Indeed, the spirit and reason of the statute may be passed upon where a literal meaning would
lead to absurdity, contradiction, injustice, or defeat the clear purpose of the lawmakers. (42) Not
any of these instances, however, is present in the case at bench. Considering that the language of
the subject constitutional provision is plain and unambiguous, there is no need to resort extrinsic
aids such as records of the Constitutional Commission.
Nevertheless, even if the Court should proceed to look into the minds of the members of the
Constitutional Commission, it is undeniable from the records thereof that it was intended that the
JBC be composed of seven (7) members only.Thus:
MR. RODRIGO: Let me go to another point then.
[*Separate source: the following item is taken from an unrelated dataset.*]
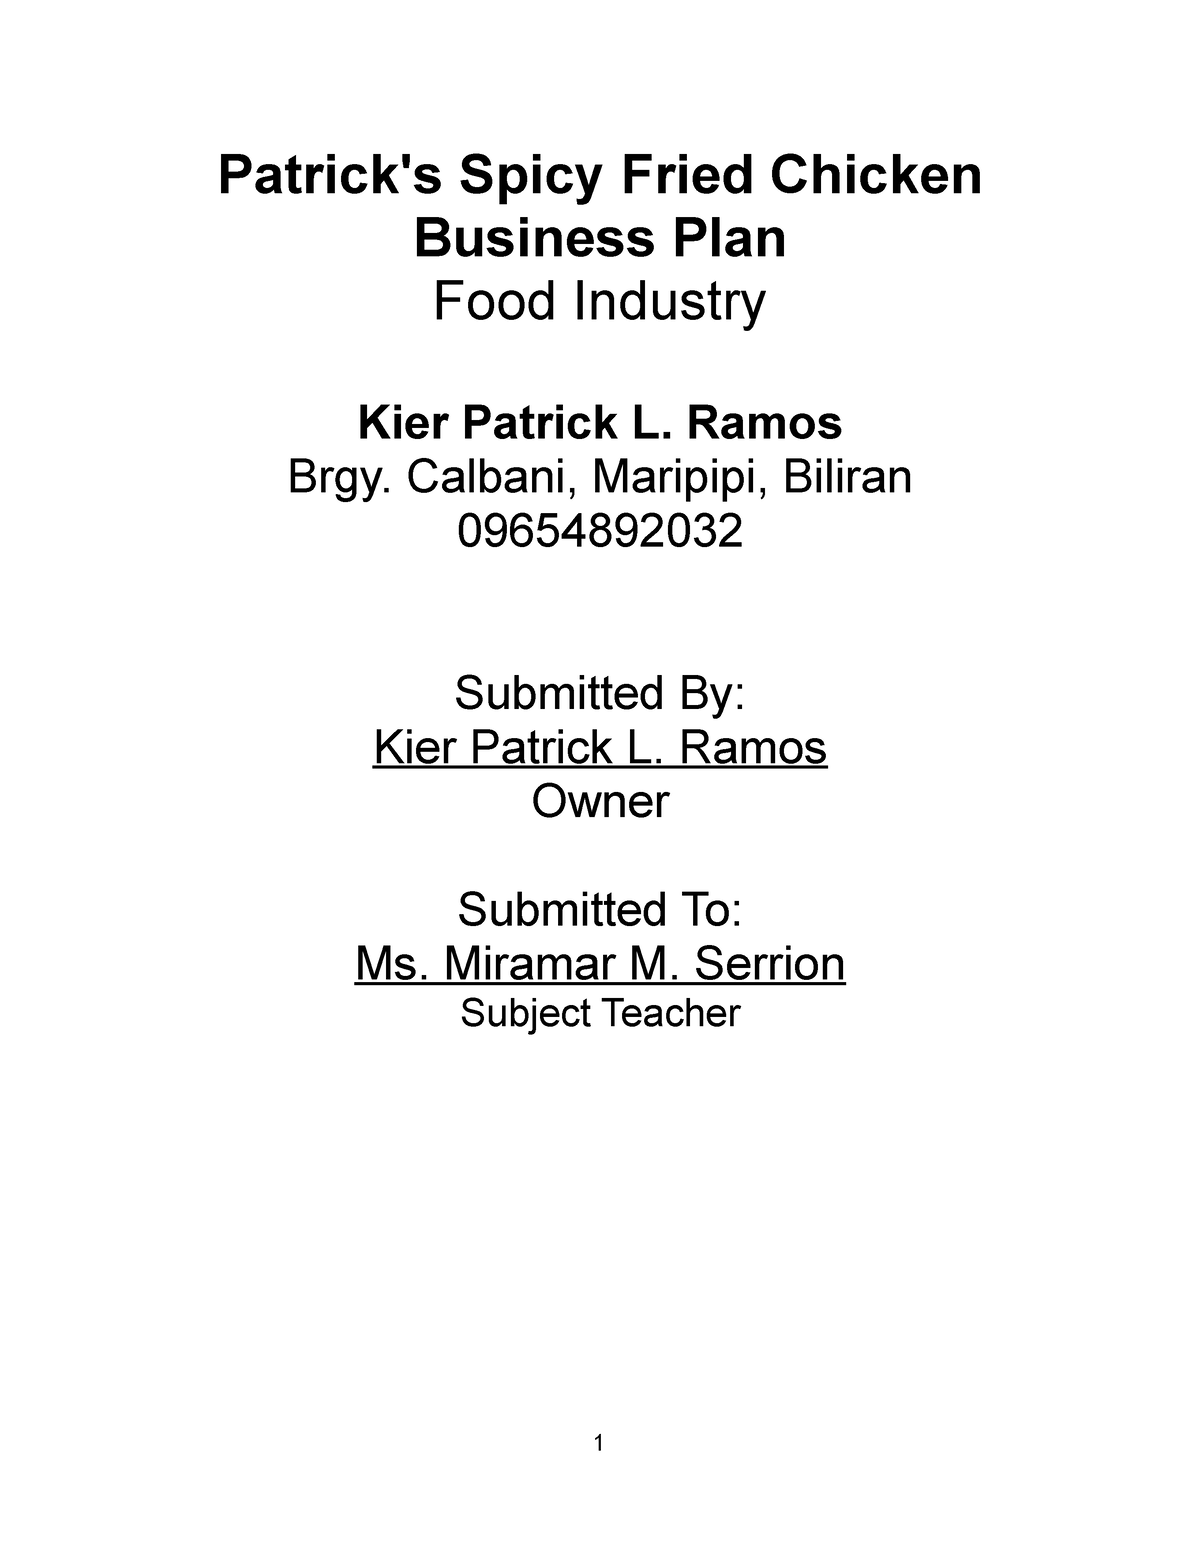 business plan food industry

On page 2, Section 5, there is a novel
provision about the appointments of members of the Supreme Court and judges of the lower
courts. At present it is the President who appoints them. If there is a Commission on
Appointments, then it is the President with the confirmation of the Commission on Appointment.
In this proposal, we would like to establish a new office, a sort of a board composed of seven
members called the Judicial and Bar Council. And while the President will still appoint the
member of the judiciary, he will be limited to the recommendees of this Council. xxx xxx xxx
MR. RODRIGO. Of the seven members of the Judicial and Bar Council, the President appoints
four of them who are regular members.
42 Ursua v. Court of Appeals, 326 Phil. 157, 163 (1996).